La construcción de balsas/depósitos para almacenar agua, para minimizar la sequía estacional. Así como la reutilización de agua residual tratada, en particular de los sistemas de filtrado.

5.2.2. Gestión del Riego

Para desarrollar estrategias de uso eficiente del agua de riego, como el riego deficitario, es necesario conocer la cantidad de agua que se puede reducir sin disminuir el rendimiento y la calidad de los cultivos. Esto depende, entre otros factores, de las fases de desarrollo del cultivo.
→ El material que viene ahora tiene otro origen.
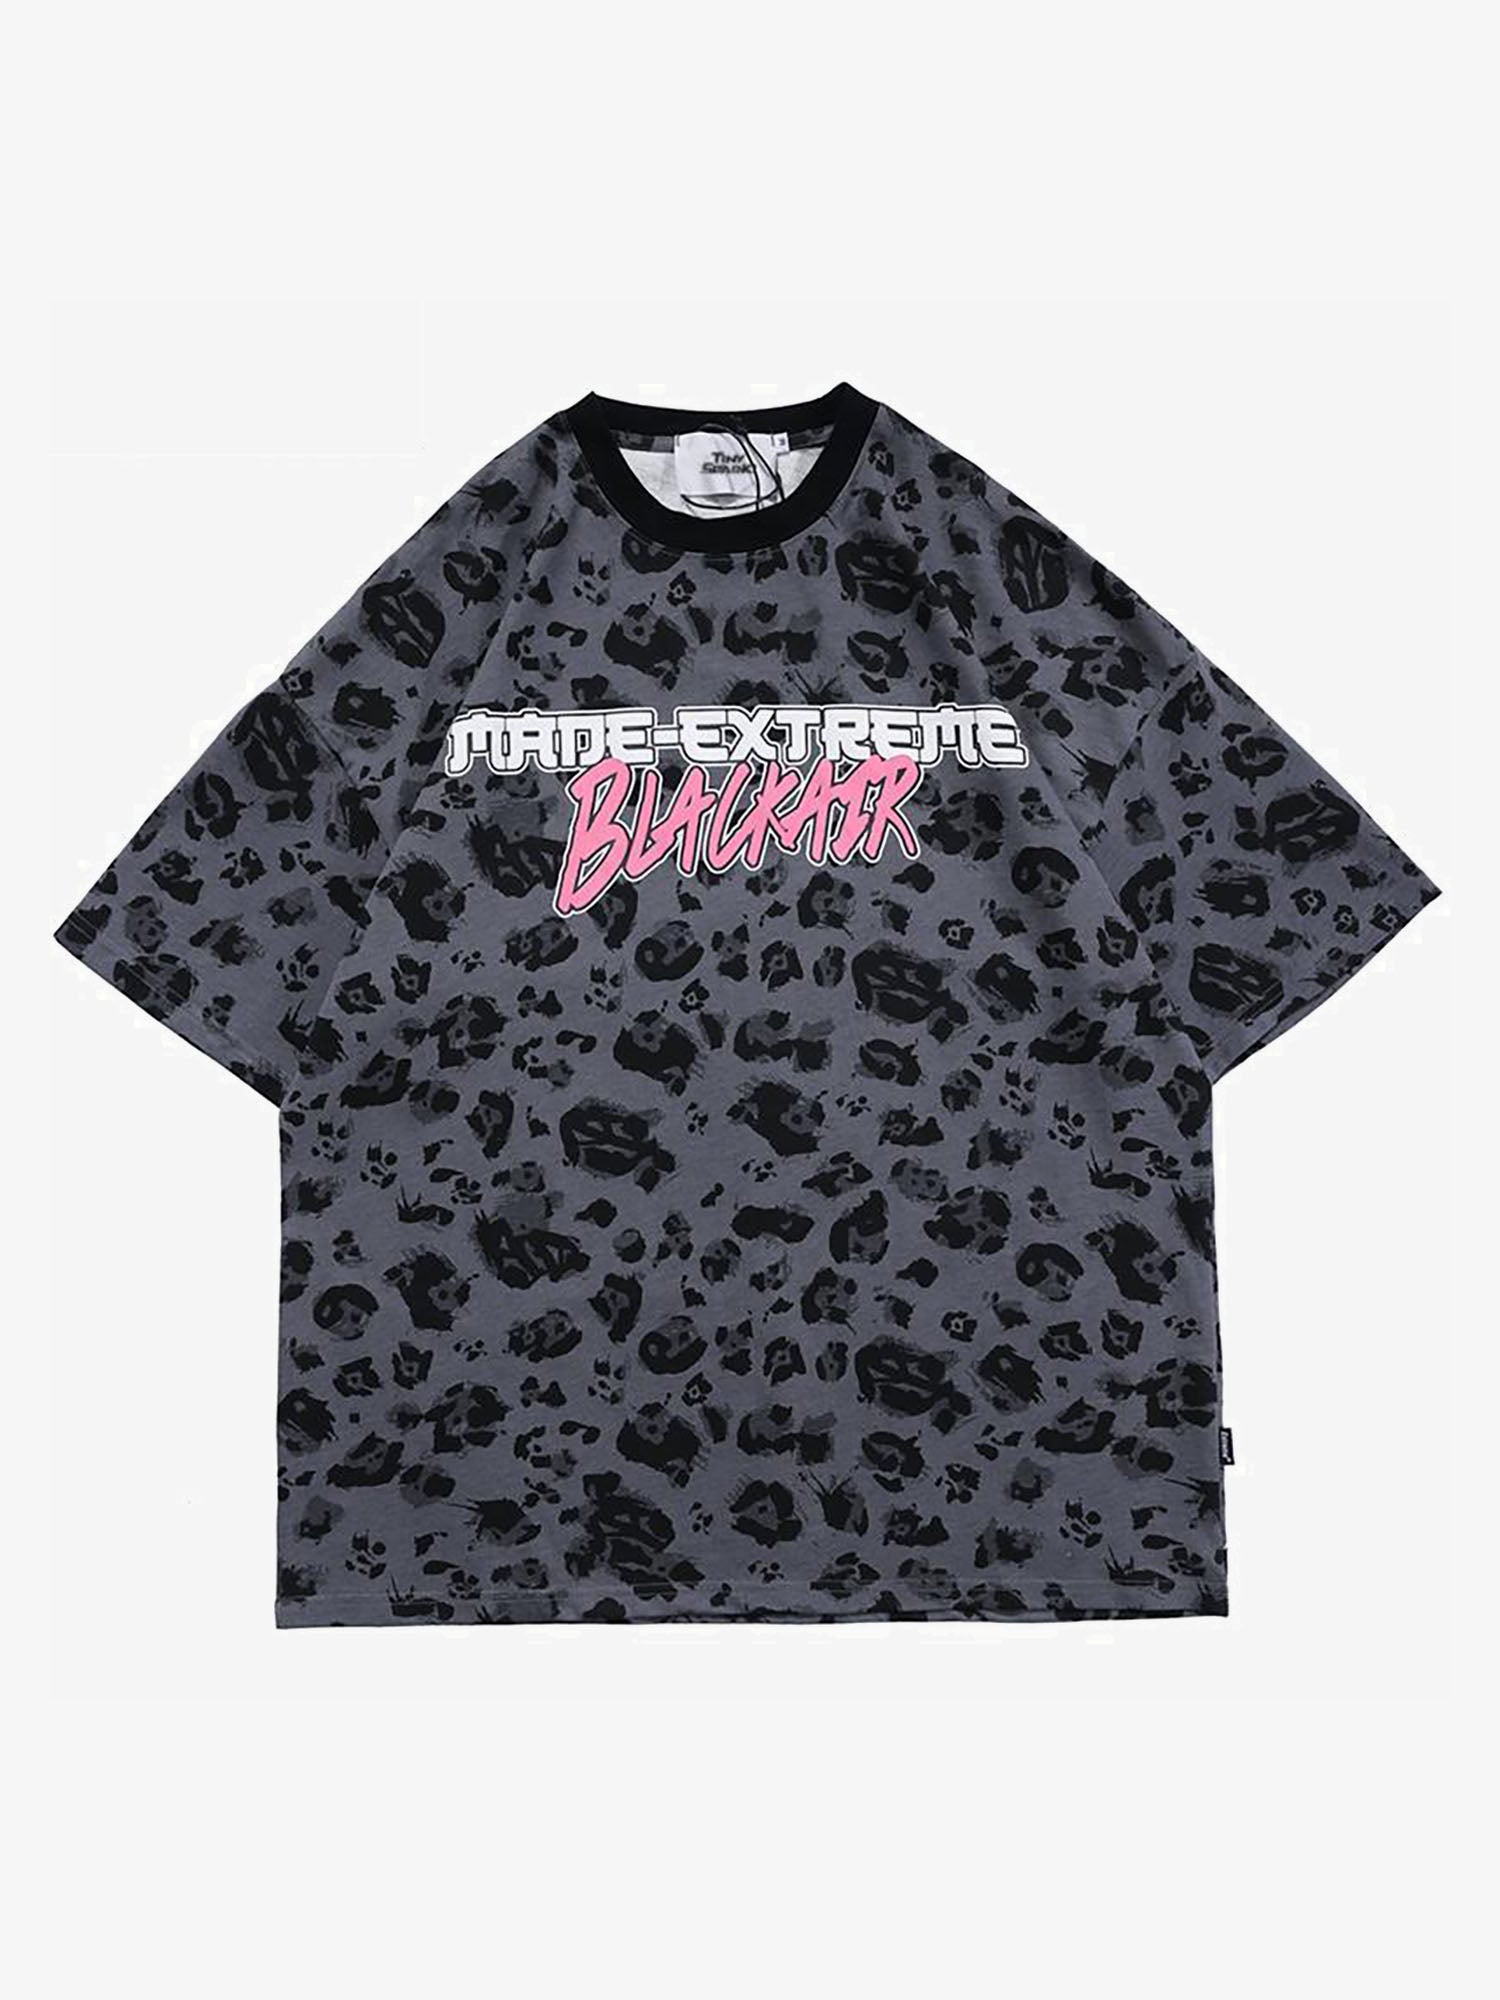 Justnotag T-shirt manica corta con stampa leopardata nera grigia di Justnotag

Para utilizar estas técnicas, es imprescindible conocer los períodos más y menos sensibles del cultivo al déficit hídrico y su impacto sobre la producción final y la calidad. Actualmente, estas etapas más sensibles al déficit hídrico son conocidas para la mayoría de los cultivos. Las técnicas de riego deficitario se aplican principalmente en cultivos leñosos. Como apoyo a la implementación de riegos deficitarios, puede consultarse el documento de la FAO 66 sobre la variación del rendimiento de los cultivos en función del agua disponible, como introducción a esta temática.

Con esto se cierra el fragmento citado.